The Amperometric Detection Coupled that the present invention makes successfully is used for separating of dopamine and catechol with the organic glass micro-fluidic chip.Concrete visible following test experiments result:
Use organic glass micro-fluidic chip and the 0-3000V high-voltage DC power supply and the ampere detector formation micro-fluidic chip Amperometric Detection Coupled system of the present invention's encapsulation shown in Figure 1, the 100 μ M dopamines of acquisition and the electrophoresis pattern of catechol are seen Fig. 4.Test condition is: separation voltage is+1500V, sample introduction voltage is+1500V, sample injection time is 3s, buffer solution be 20mM 2-morpholino b acid (MES) (pH6.5), the Amperometric Detection Coupled electrode is at the end (being the right side) of separation capillary, the detection current potential is 0.8V, to the dopamine and the catechol range of linearity is 0.5 μ M-1mM, detect lower limit in 0.1-0.3 μ M scope, the relative standard deviation of measuring 100 μ M dopamines and catechol peak height for 10 times is respectively 2.7% and 3.1%, shows that this micro-fluidic chip range of linearity is wide, reappearance is good and separation efficiency is high.
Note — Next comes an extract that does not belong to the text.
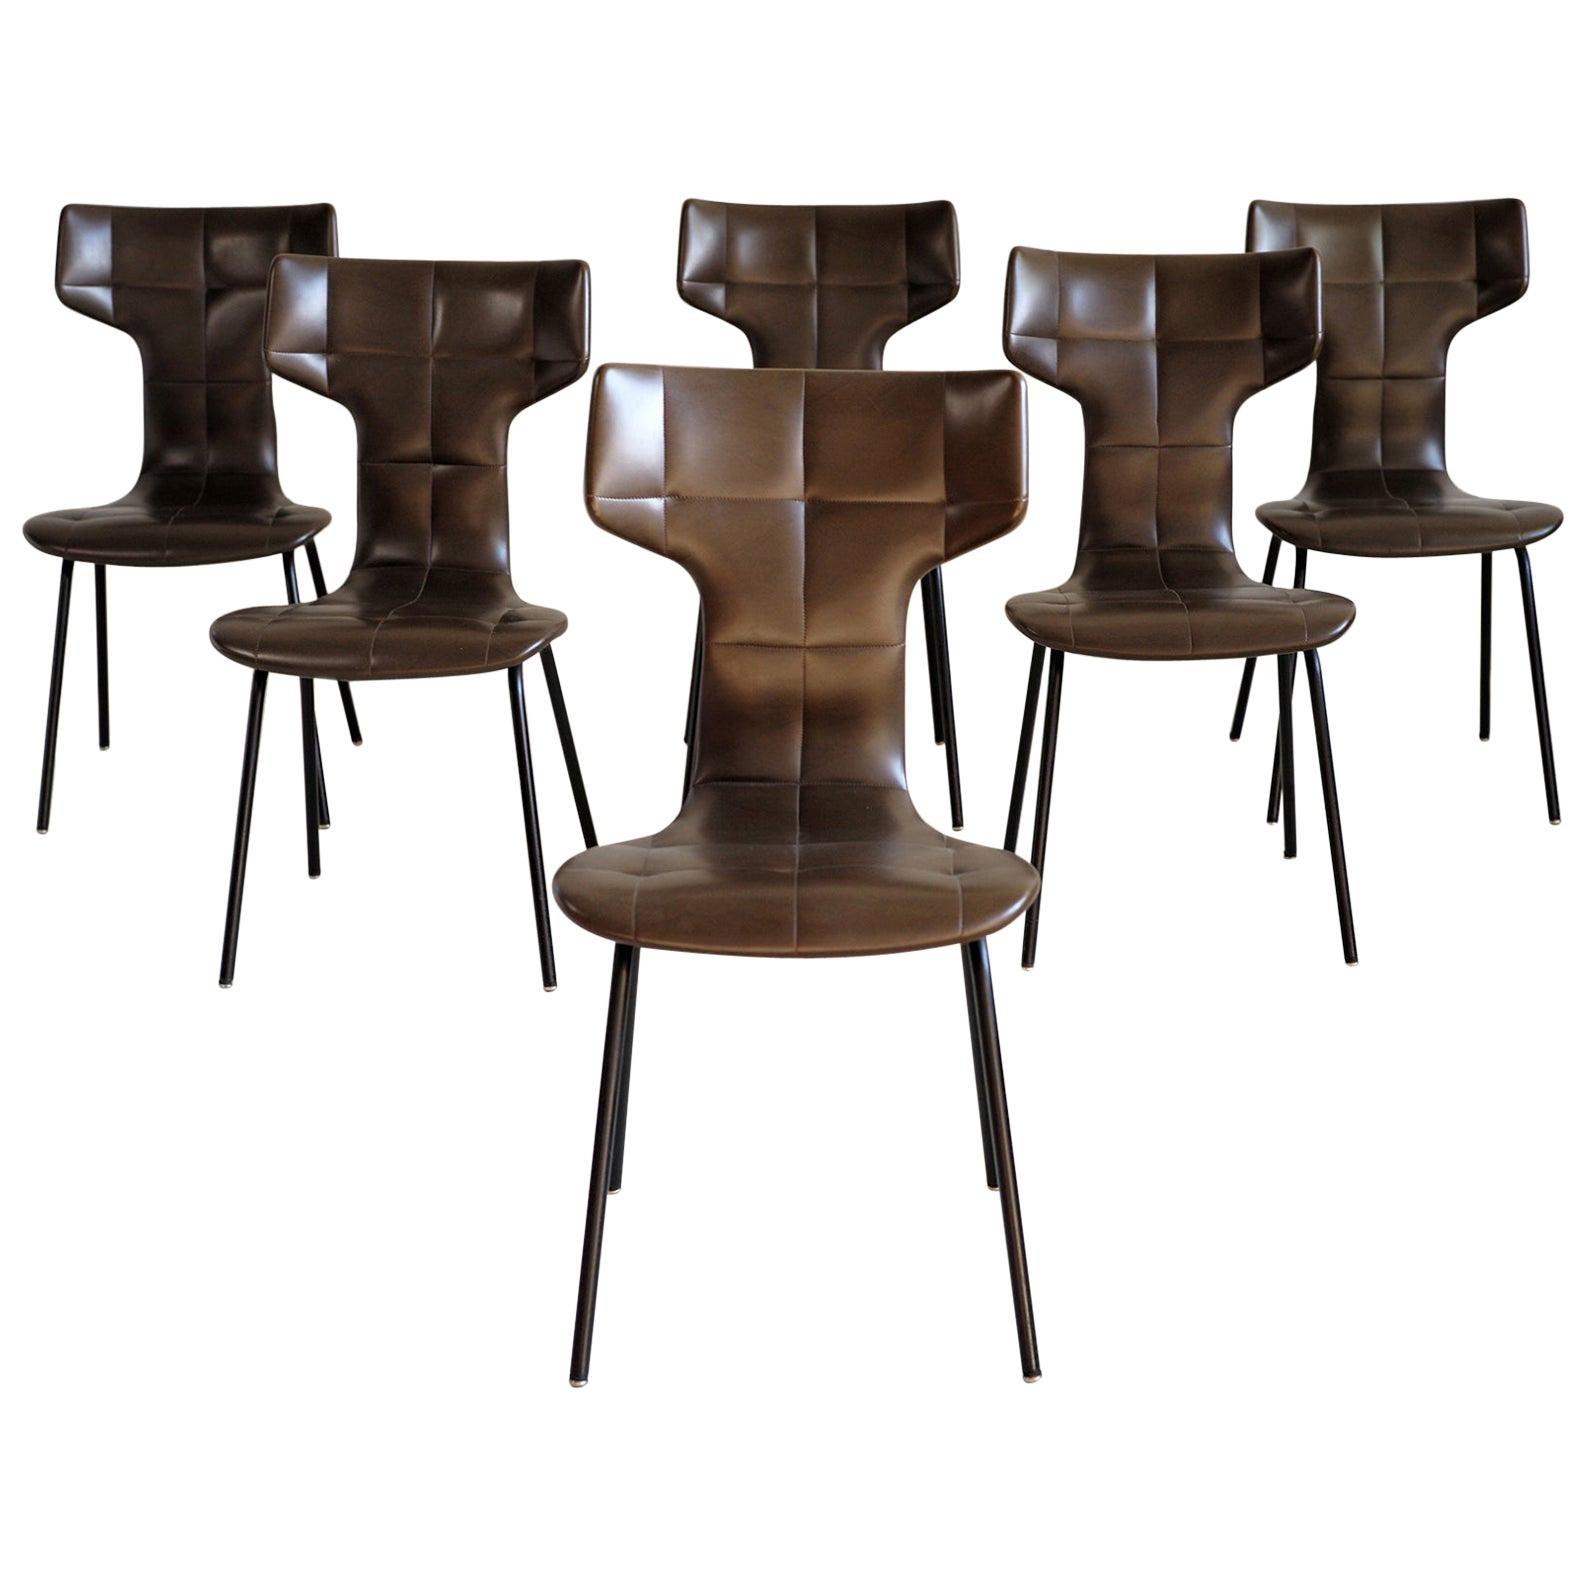 "Joseph-André Motte, Set of 6 ""Pelican"" Chairs, France, 1960"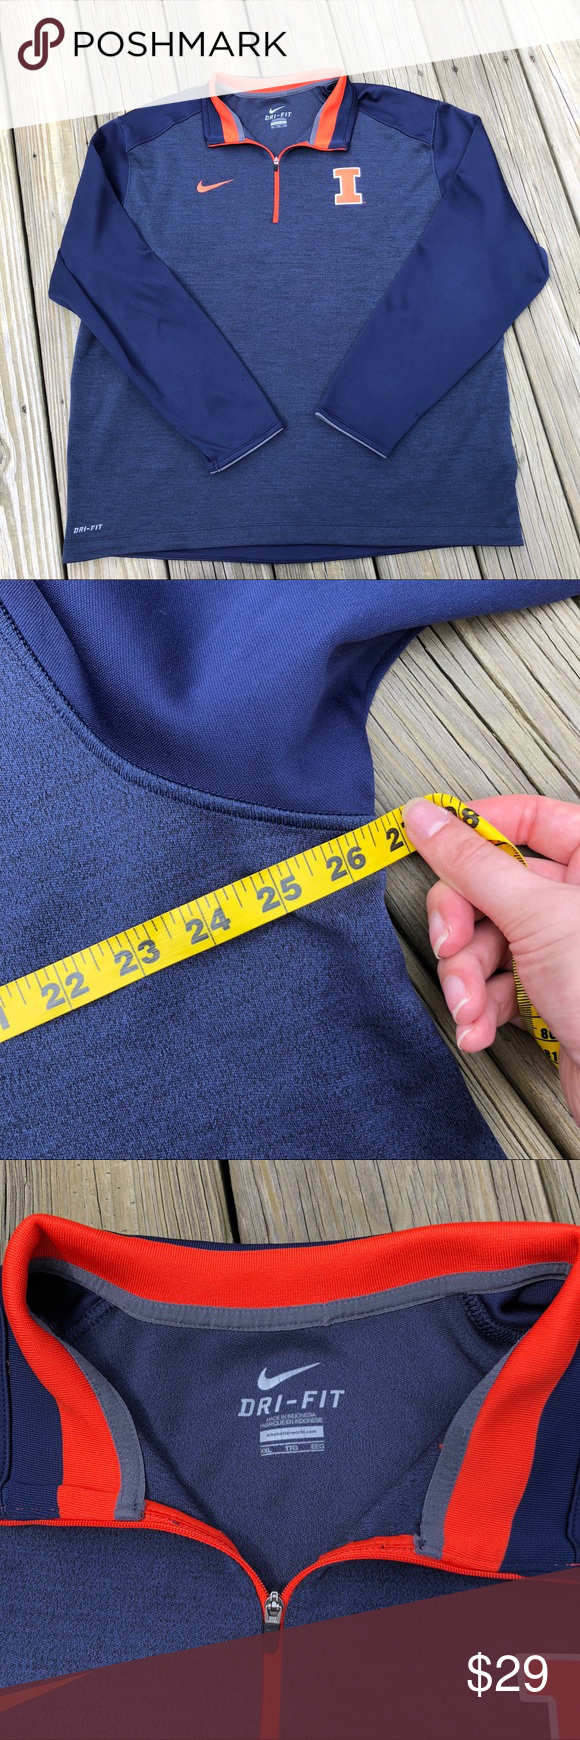 Nike University Of Illinois Sweatshirt Collarless Shirt Sweatshirt Shirt Sweatshirts [ 1740 x 580 Pixel ]

2, dimethyl silicone polymer formpiston situ aggregation method prepares electricity and leads to detect and use the organic glass micro-fluidic chip
Because micro-fluidic chip non-contact conductance detecting electrode need be as far as possible near the passage in the chip, to improve detection sensitivity, the need used thickness is that the epiphragma about 100 microns replaces the cover plate among the embodiment 1.Electricity is led the making of the design, dimethyl silicone polymer formpiston and the chip mould that detect the organic glass micro-fluidic chip and injection molding and in-situ polymerization with embodiment 1.After the pre-gathering solutions sclerosis, the micro-fluidic chip substrate that obtains can separate automatically with mould, 25 ℃ of polymerization temperatures.The micro-fluidic chip substrate that microstructure must be arranged in channel end punching (solution connection holes 1,4,5 and 6 is seen Fig. 1, aperture 2mm) after the demoulding.Be coated in above-mentioned pre-gathering solutions on a slice glass sheet and be pressed on another glass sheet, distance between two glass plates can be controlled by the transparent dacron membrane that sticks 100 microns of thickness in the inboard, four limits of glass plate, with getting the micro-fluidic chip epiphragma after the UV-irradiation initiation bulk polymerization and the demoulding, the demoulding is with embodiment 1 micro-fluidic chip cover plate.Micro-fluidic chip substrate and the flushing of epiphragma water with channel end boring, be used in after drying up on the cover plate and apply tetrahydrofuran one time, immediately substrate and epiphragma are closed, apply the pressure of 1-2 (kg/cm) by two smooth glass clamping plate, in 106-107 ℃ of baking oven, keep 10min, taking-up naturally cools to room temperature, promptly finishes the encapsulation of substrate and epiphragma, gets the electric detection micro-fluidic chip finished product of leading.Lead the close together (100 micron) of the passage of detection micro-fluidic chip from upper surface with the difference of Amperometric Detection Coupled micro-fluidic chip among the embodiment 1 for electricity, this dispatch from foreign news agency is led the right end that detects micro-fluidic chip and be need not to cut away.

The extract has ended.